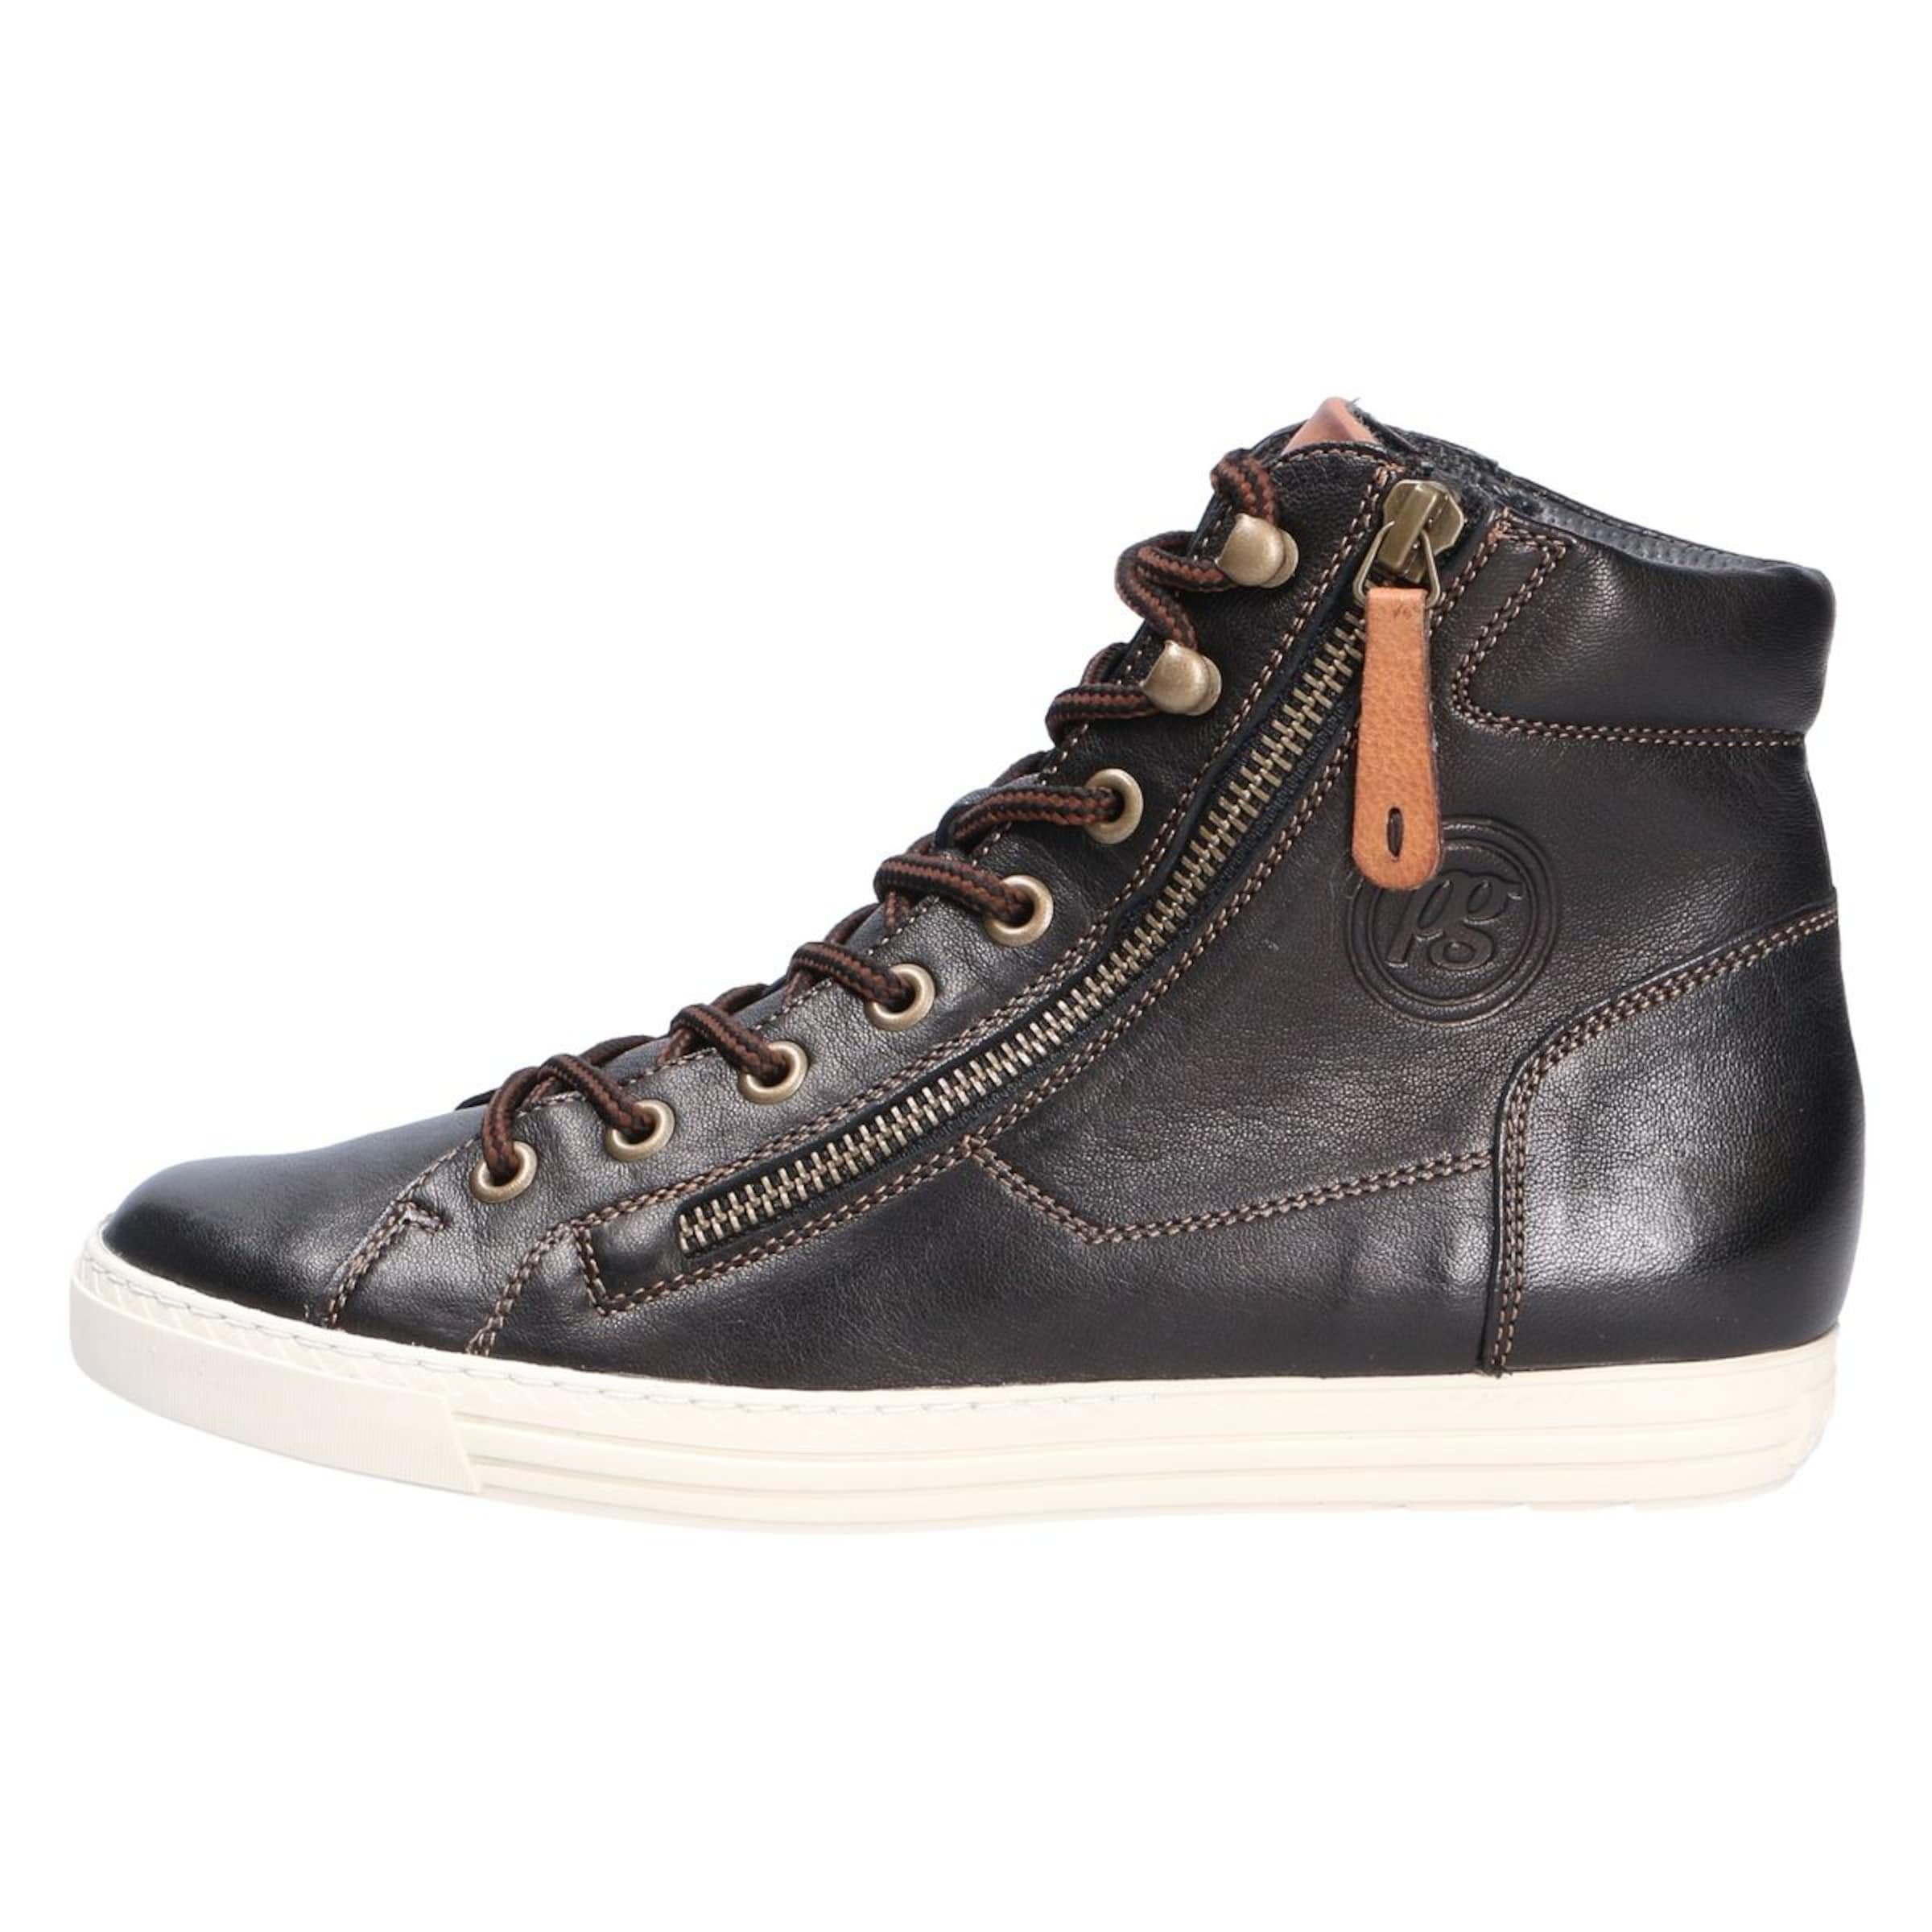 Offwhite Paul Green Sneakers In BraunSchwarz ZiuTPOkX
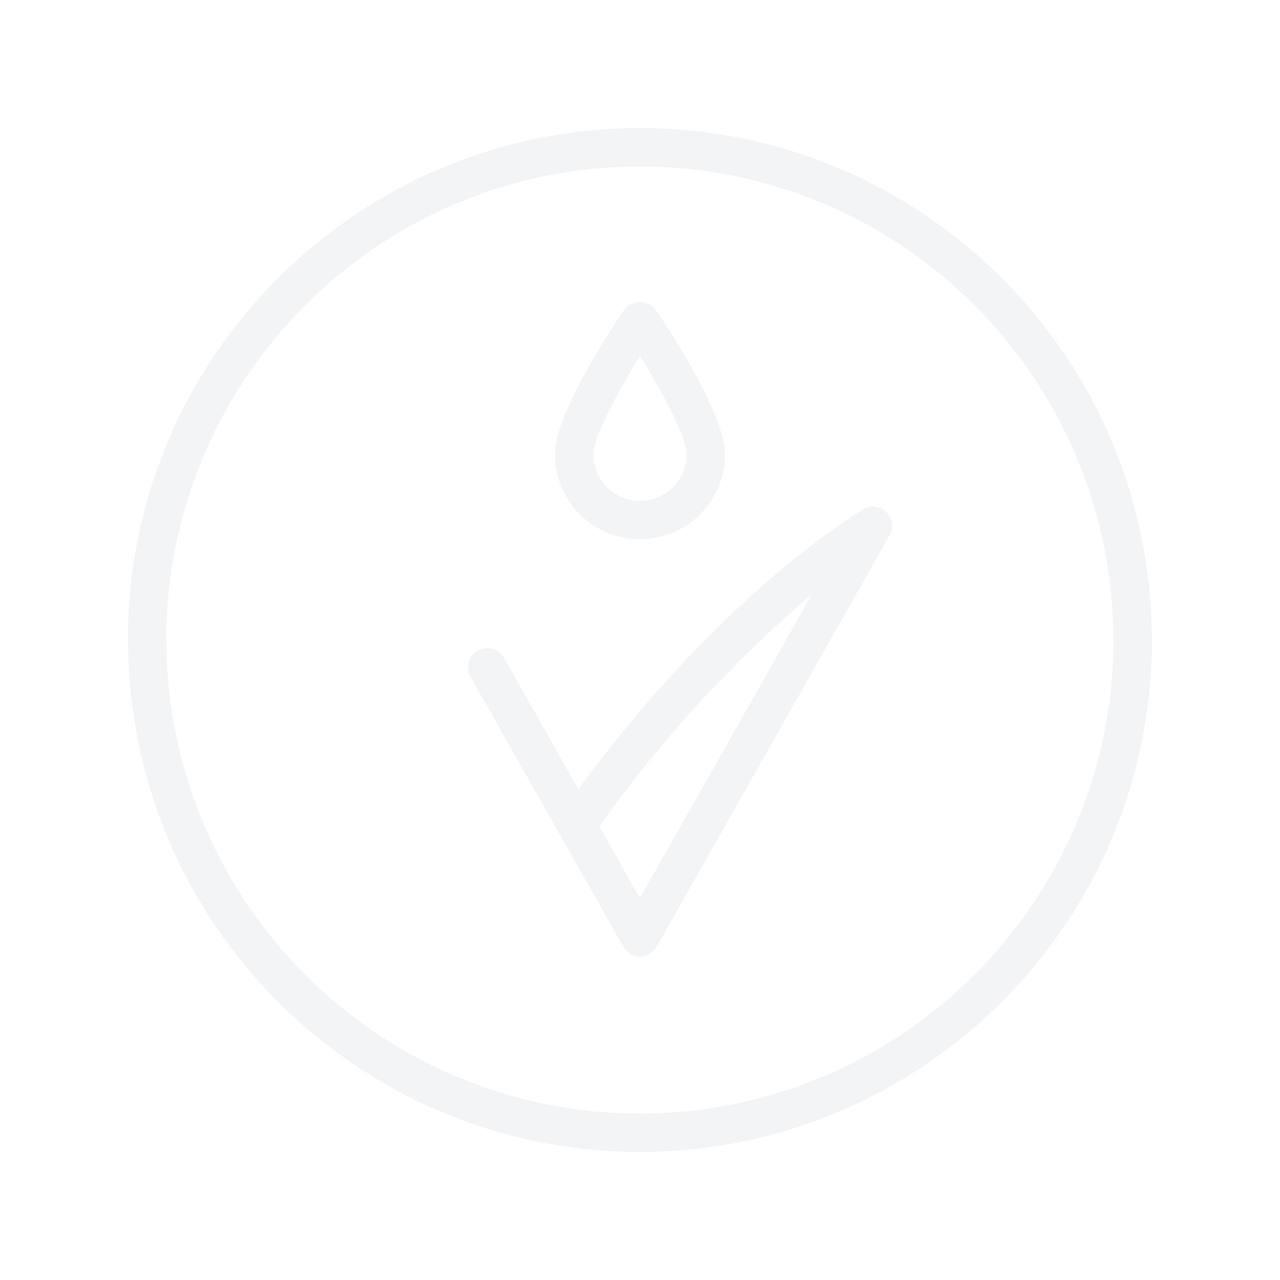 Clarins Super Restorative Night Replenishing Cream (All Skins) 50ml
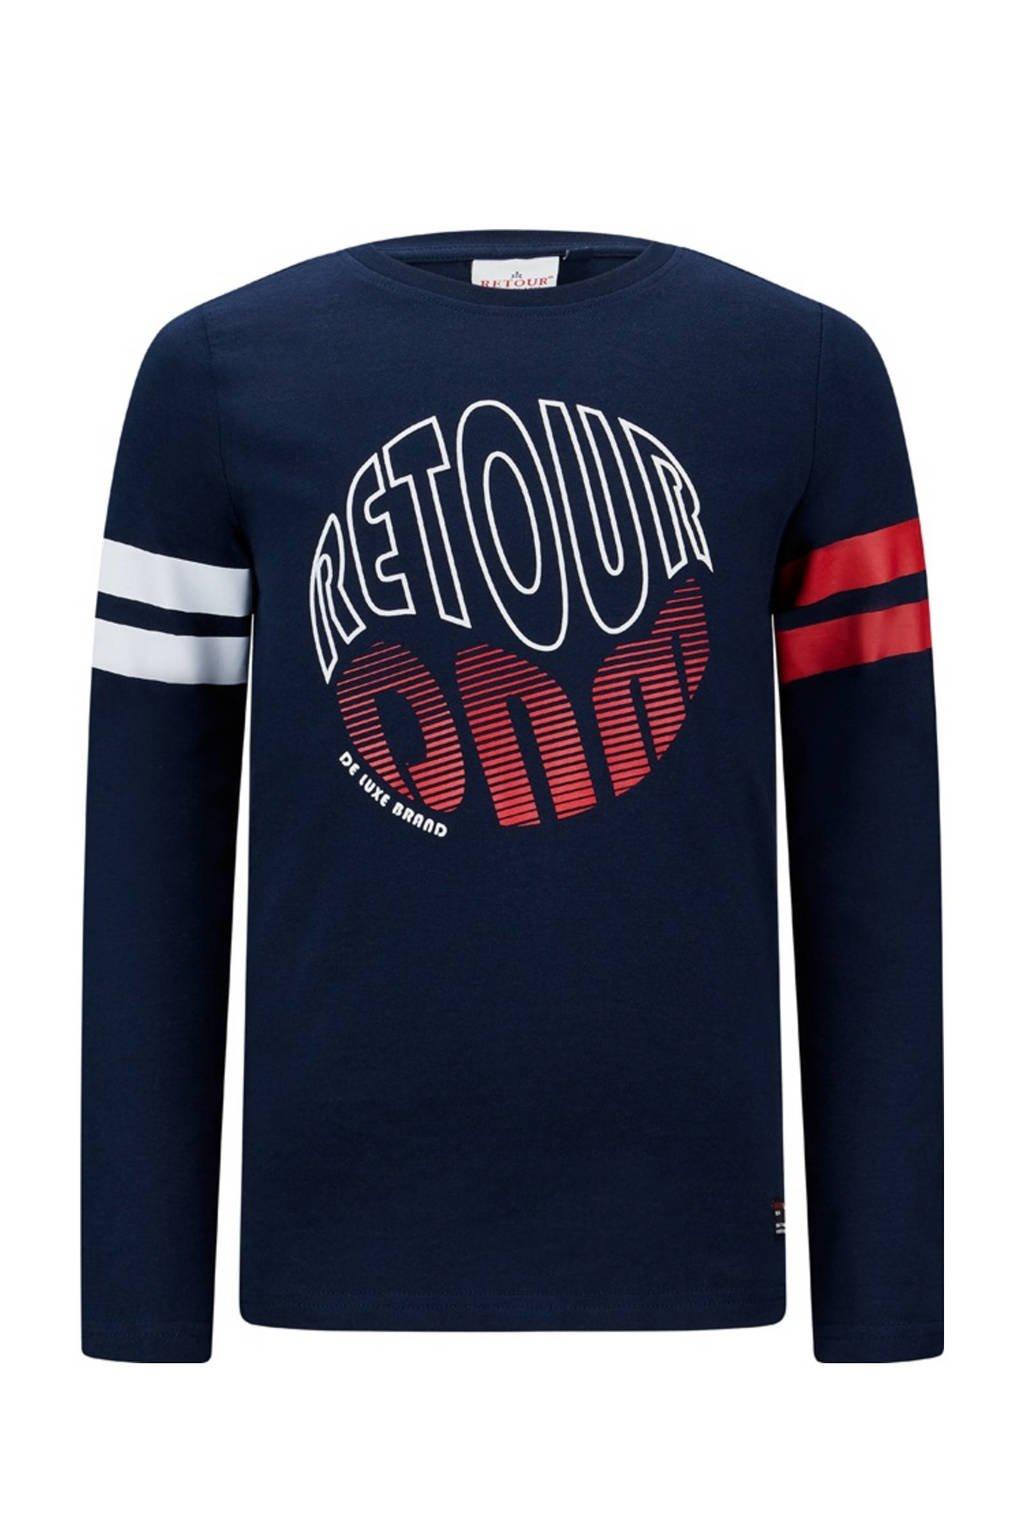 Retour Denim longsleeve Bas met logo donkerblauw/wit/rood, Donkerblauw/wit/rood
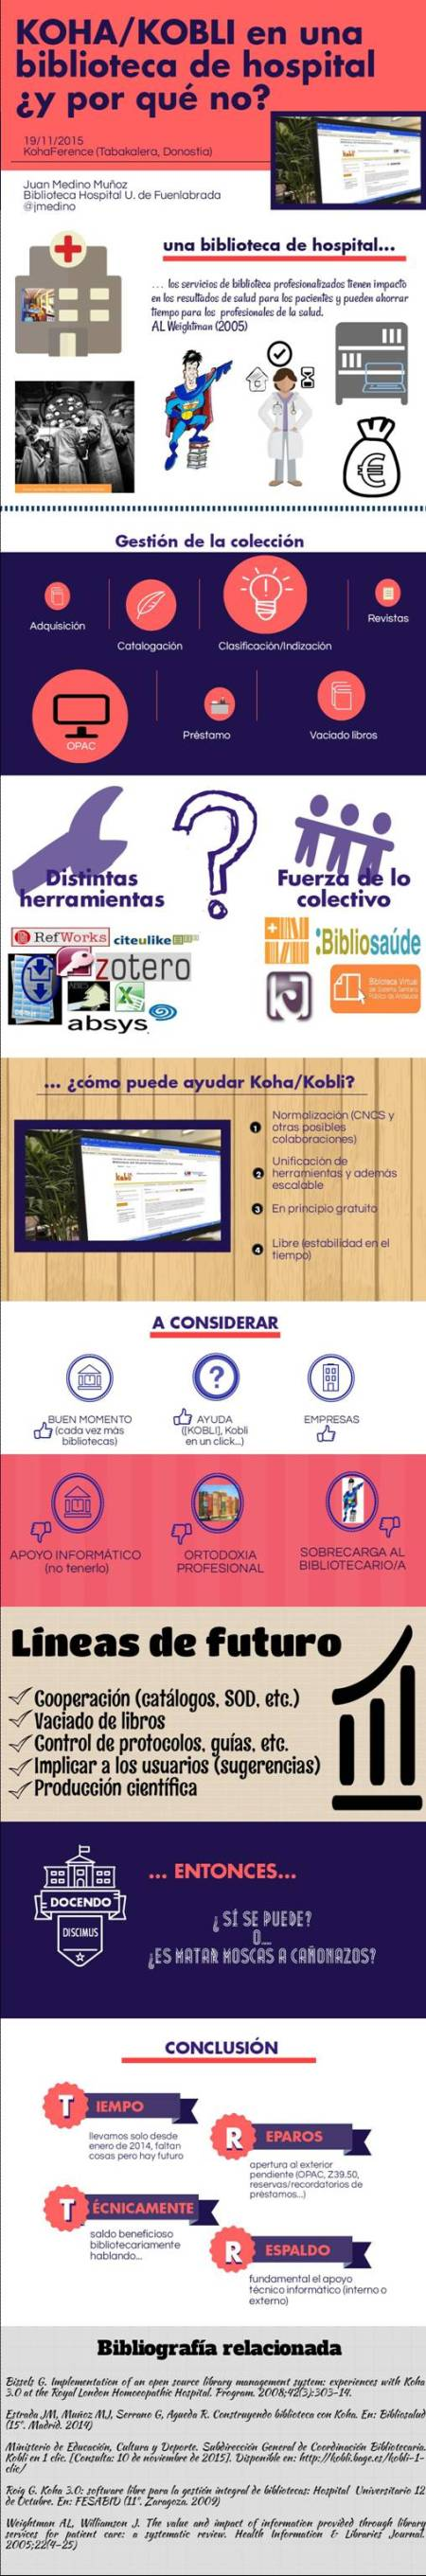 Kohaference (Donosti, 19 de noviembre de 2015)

- WHAT TO DO -
Starting at the line that contains "Retour Denim longsleeve", please write out each line through the last line of the data, both ends included, and keep pictures out of the copy.

- REPLY TO THE EXERCISE -
 Retour Denim longsleeve Bas met logo donkerblauw/wit/rood, Donkerblauw/wit/rood
 Kohaference (Donosti, 19 de noviembre de 2015)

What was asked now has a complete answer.